Demain, cela fera une semaine que ma soeur et les siens arrivaient à la maison pour le long week-end de Pentecôte. Comme tous les ans, à la même époque, le temps s’accélère. Lundi prochain, j’assisterai au dernier conseil de classe de notre aînée qui, dans quinze jours, passera les épreuves orales de son brevet. Ensuite, il y aura le spectacle de chant de Louis et de ses camarades, la boum du collège, les deux jours de kermesse avec retraite aux flambeaux, le départ de Victoire à Londres avec sa marraine et ses deux fils, la restitution des manuels, la remise des dictionnaires aux élèves de CM2, une dernière réunion d’éveil à la foi et d’aumônerie pour Victoire et Céleste et le temps des grandes vacances aura sonné!

D’ici-là, je voudrais, avec un peu d’avance, souhaiter à toutes les mamans, les mamans par le sang, les mamans adoptives, les secondes mamans, les mamans de coeur et à toutes les femmes qui auraient voulu avoir des enfants mais n’ont pas pu voir leur désir exaucer mais ont vécu leur maternité d’une autre manière, une très bonne fête des mères! Dimanche, quand mon trio m’apportera des petits présents, des gentils mots qui feront oublier la somme des disputes, des non respect des règles de vie dans la maison, je repenserai à tout ce que j’offrais à notre maman quand j’étais enfant et à tout ce que nos enfants m’ont déjà offert: cuillères en bois peintes et vernies destinées à accrocher les torchons, abats-jour en rafia ou en laine, dessous de plat en céramique, pots à crayon décorés, attrape-rêve, objets en pâte à sel, dessins, peintures et tendres poèmes.

Je vous laisse avec cette chanson de Luis Mariano que j’aime beaucoup!

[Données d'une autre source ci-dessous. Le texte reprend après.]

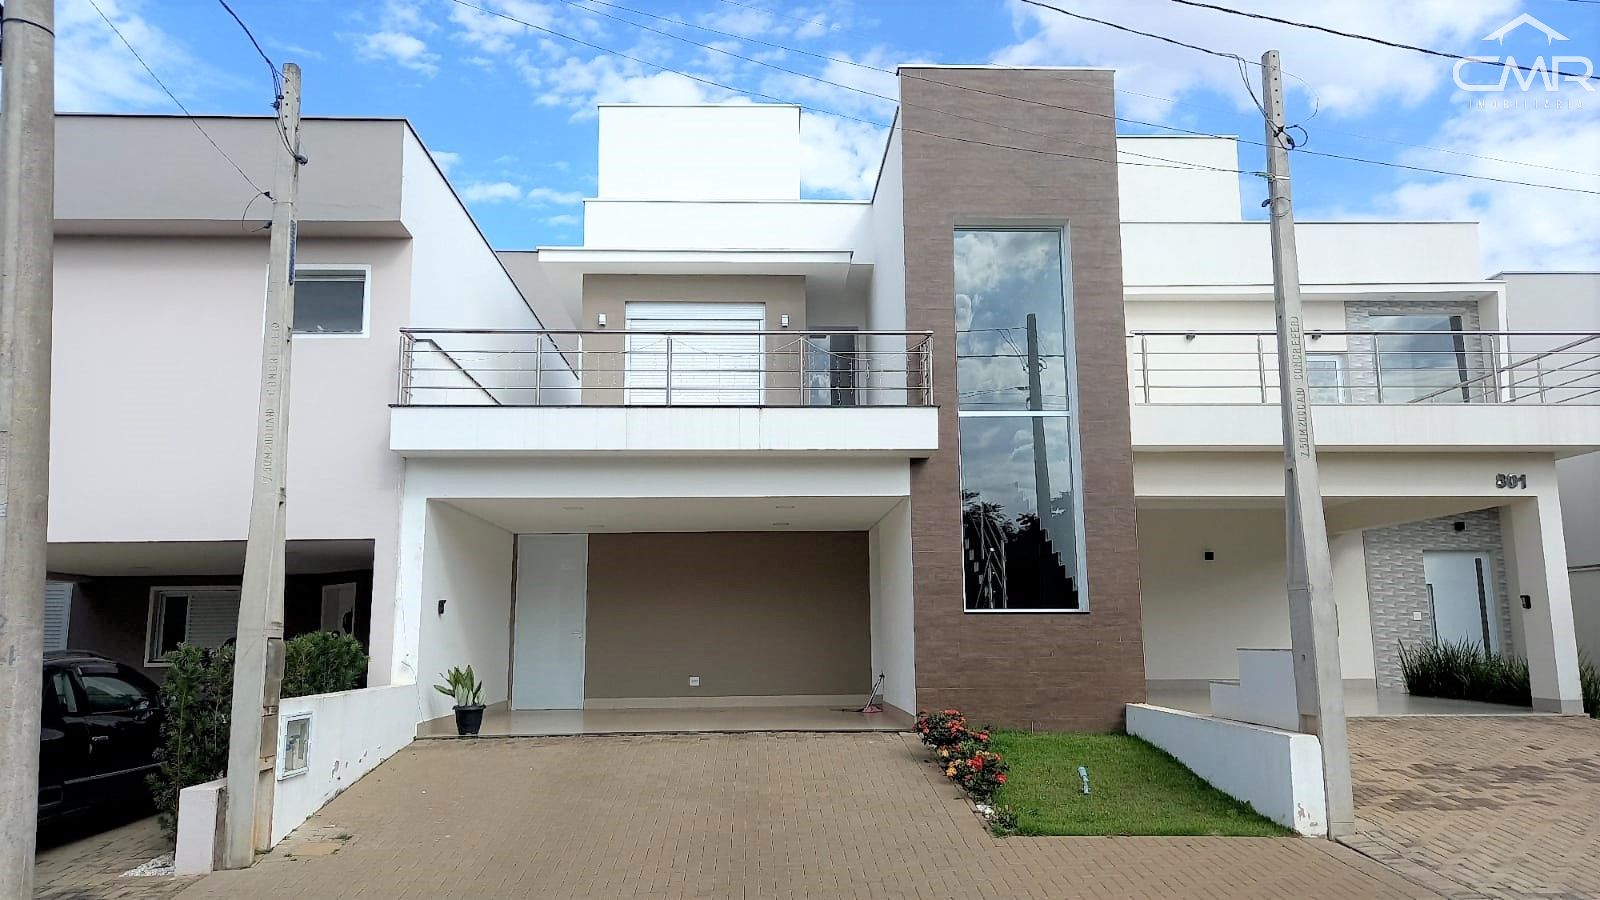 Casa em condomínio à venda  no Jardim São Francisco - Piracicaba, SP. Imóveis

Anne-Lorraine Guillou-Brunner

https://www.youtube.com/watch?v=ANj6StScGYU

3 commentaires sur “Chronique d’une Pentecôte familiale et ensoleillée

  1. Et c’est à la Brasserie de la Poste à Montargis que Jean Cocteau a écrit les Enfants Terribles en 1938…
    Amicalement
    Dominique

    1. En six jours et six nuits…Je me rappelle avoir évoqué le passage de Cocteau et de Jean Marais à l’hôtel de la Poste (tellement plus joli que l’hôtel Ibis) dans une ancienne chronique. Louis, Charlotte, Baptiste et Donatien vous ont fait penser aux enfants terribles?